“关系好吗?”
“一般。”
“一般人家会来接你?”
南宫青没回答。马车拐进一条巷子,停在一扇黑漆大门前。门楣上挂着一块匾,写着“沈府”两个金字。门口蹲着两尊石狮子,比别家的大一圈,一看就是大户人家。
不等南宫青下车,门就开了。一个穿宝蓝色长衫的年轻人从里面快步走出来,二十三四岁的样子,面容俊朗,眉眼间带着笑意,浑身上下透着一股“我不缺钱”的气场。
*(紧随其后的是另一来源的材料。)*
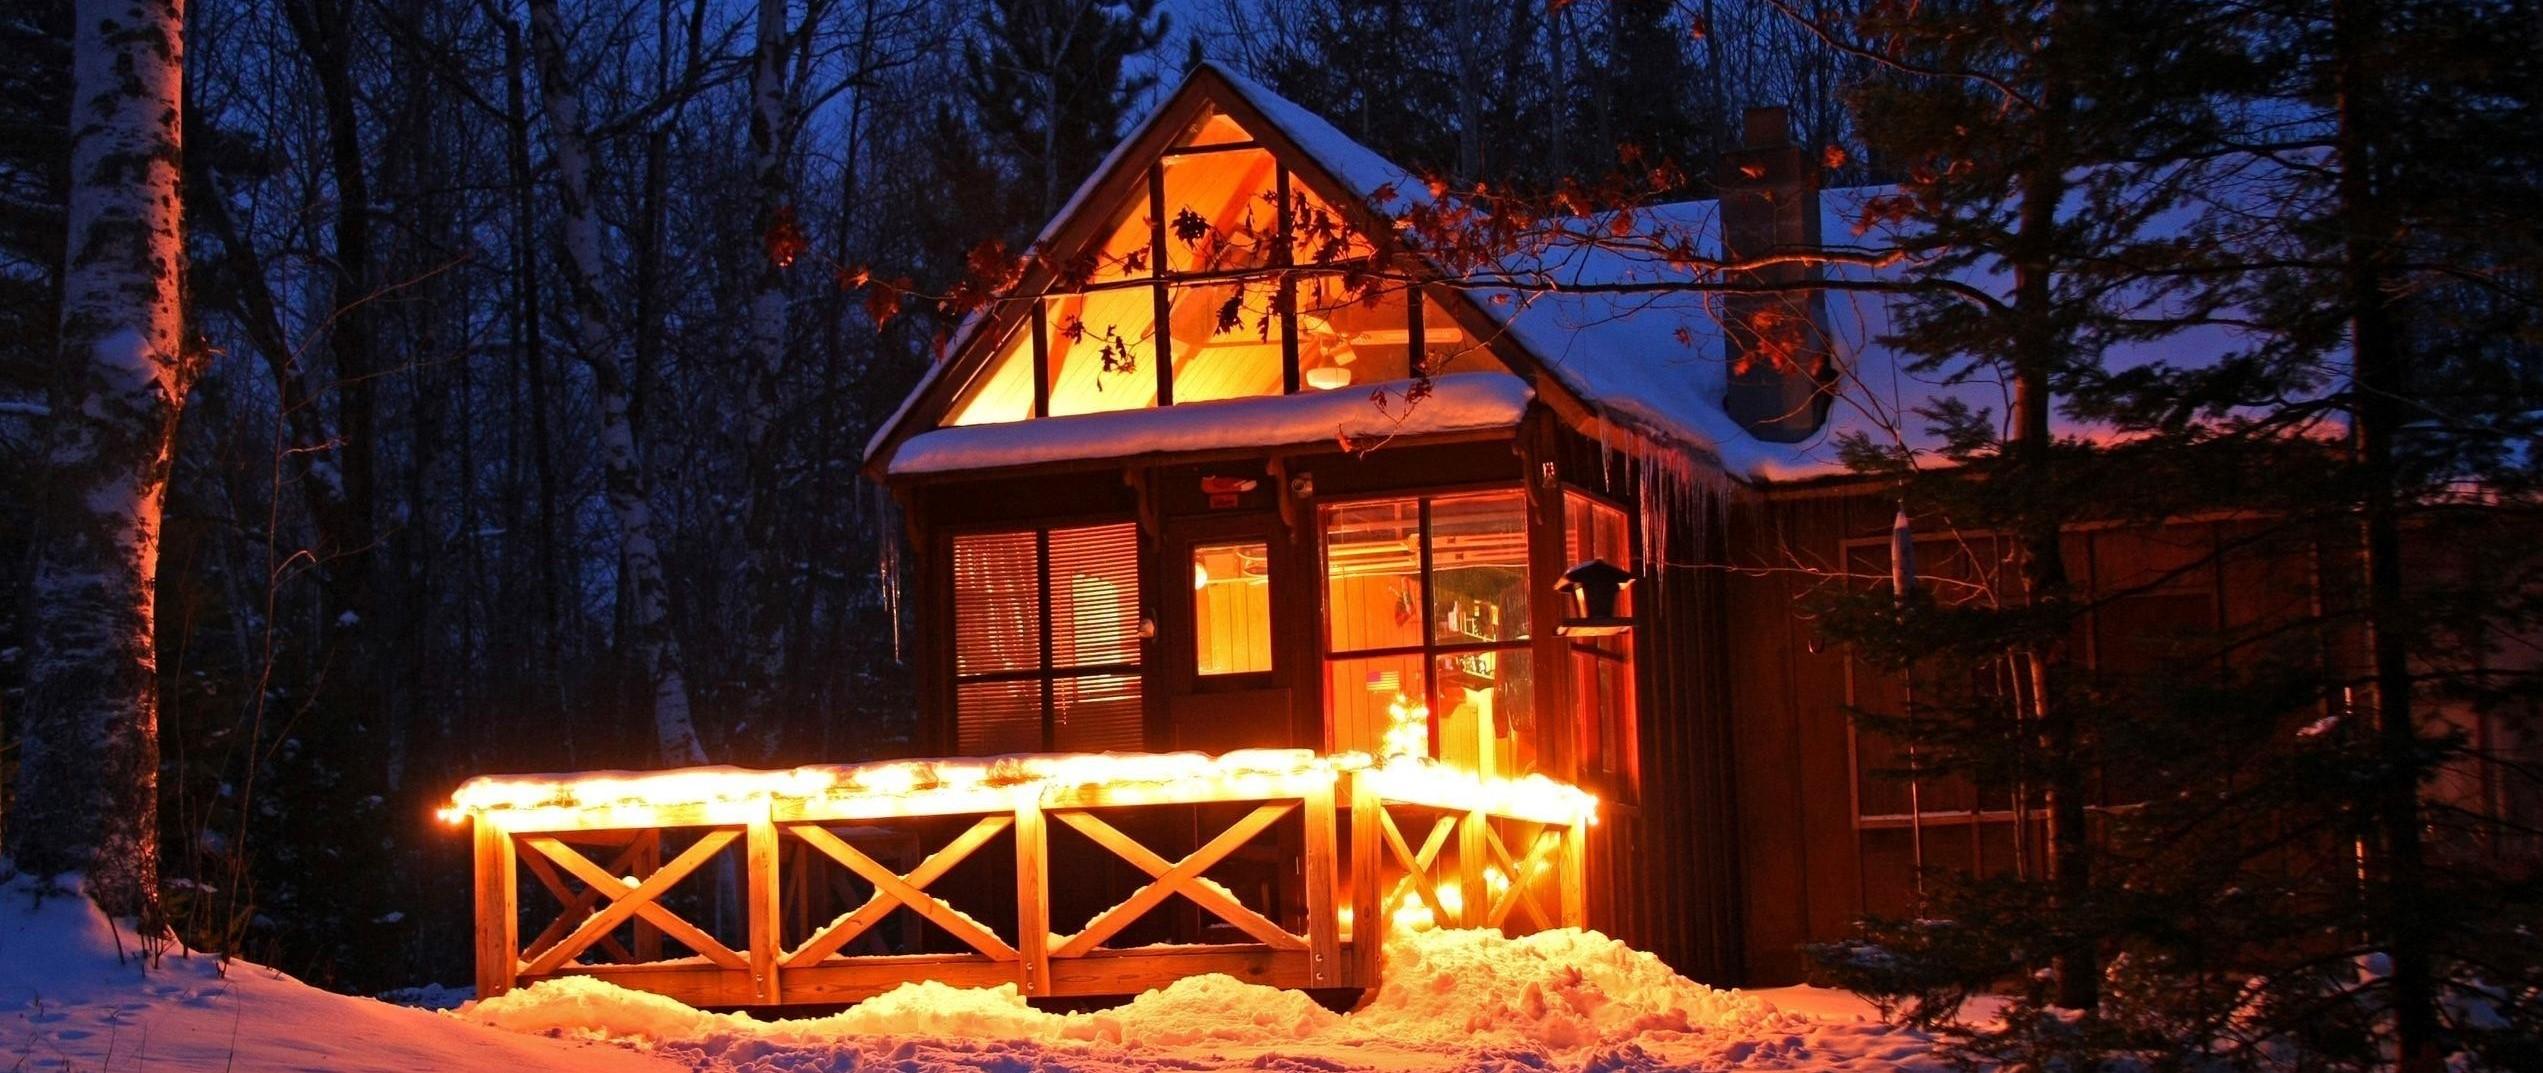 LED Hytte lys
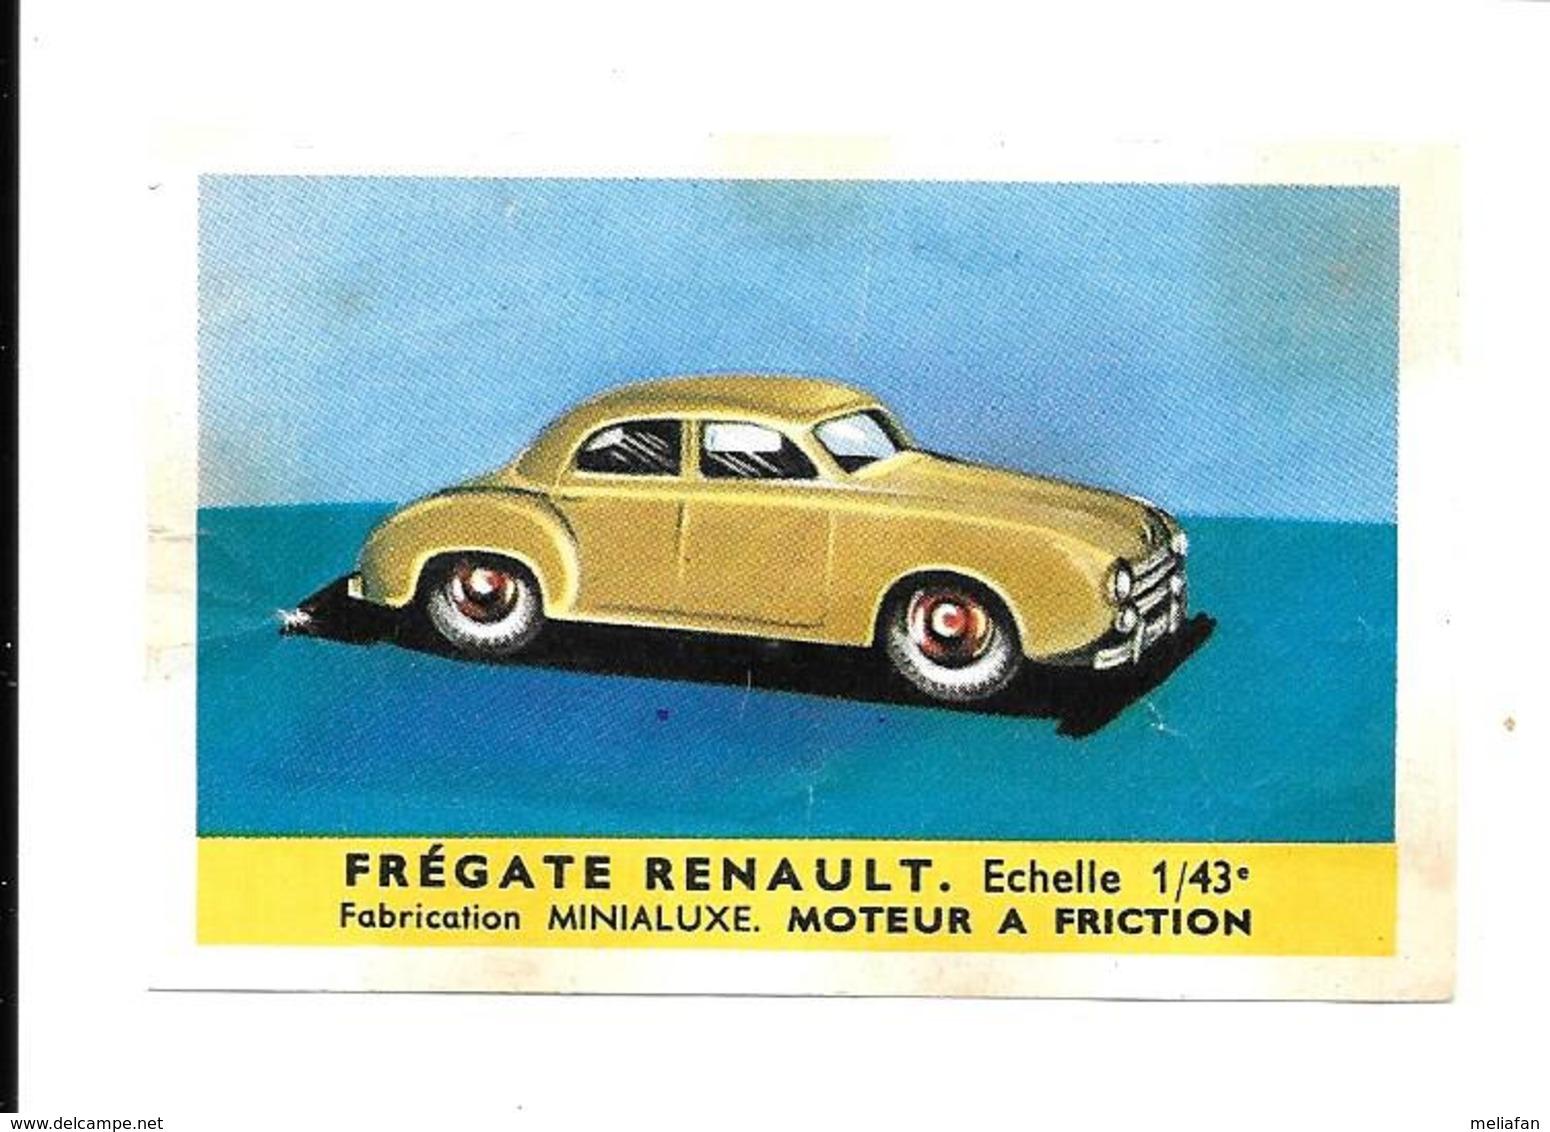 KB1352 - IMAGE CAFESMASDA - RENAULT FREGATE - Coches

“南宫兄!”他老远就拱手,声音洪亮得整条巷子都听得见,“可把你盼来了!接到你的信,我高兴得三天没睡好觉!”
南宫青下了车,还了半礼。“之初,好久不见。”
“三年了!”沈之初走过来,上下打量了南宫青一番,“你还是老样子,冷冰冰的,跟块千年寒冰似的。”他拍了拍南宫青的肩膀,完全不介意对方身上的冷气。
颜浅从车辕上跳下来,站在南宫青身后。沈之初的目光落在他身上,顿了一下。
“这位是?”
“颜浅。我徒弟。”
沈之初盯着颜浅看了两秒,忽然笑了。“徒弟?南宫兄,你什么时候收了个这么好看的徒弟?江湖上传闻的圣体’,就是你吧?”
颜浅愣了一下。“你听说了?”
沈之初笑眯眯地说,“自然…”
“…”
沈之初倒是自来熟,伸手就要揽颜浅的肩膀。“走走走,先进去。一路辛苦,给你们接风。”
他的手还没碰到颜浅,就被南宫青挡开了。动作很轻,像是随手拨了一下,但沈之初的手就偏了半寸,落在了空处。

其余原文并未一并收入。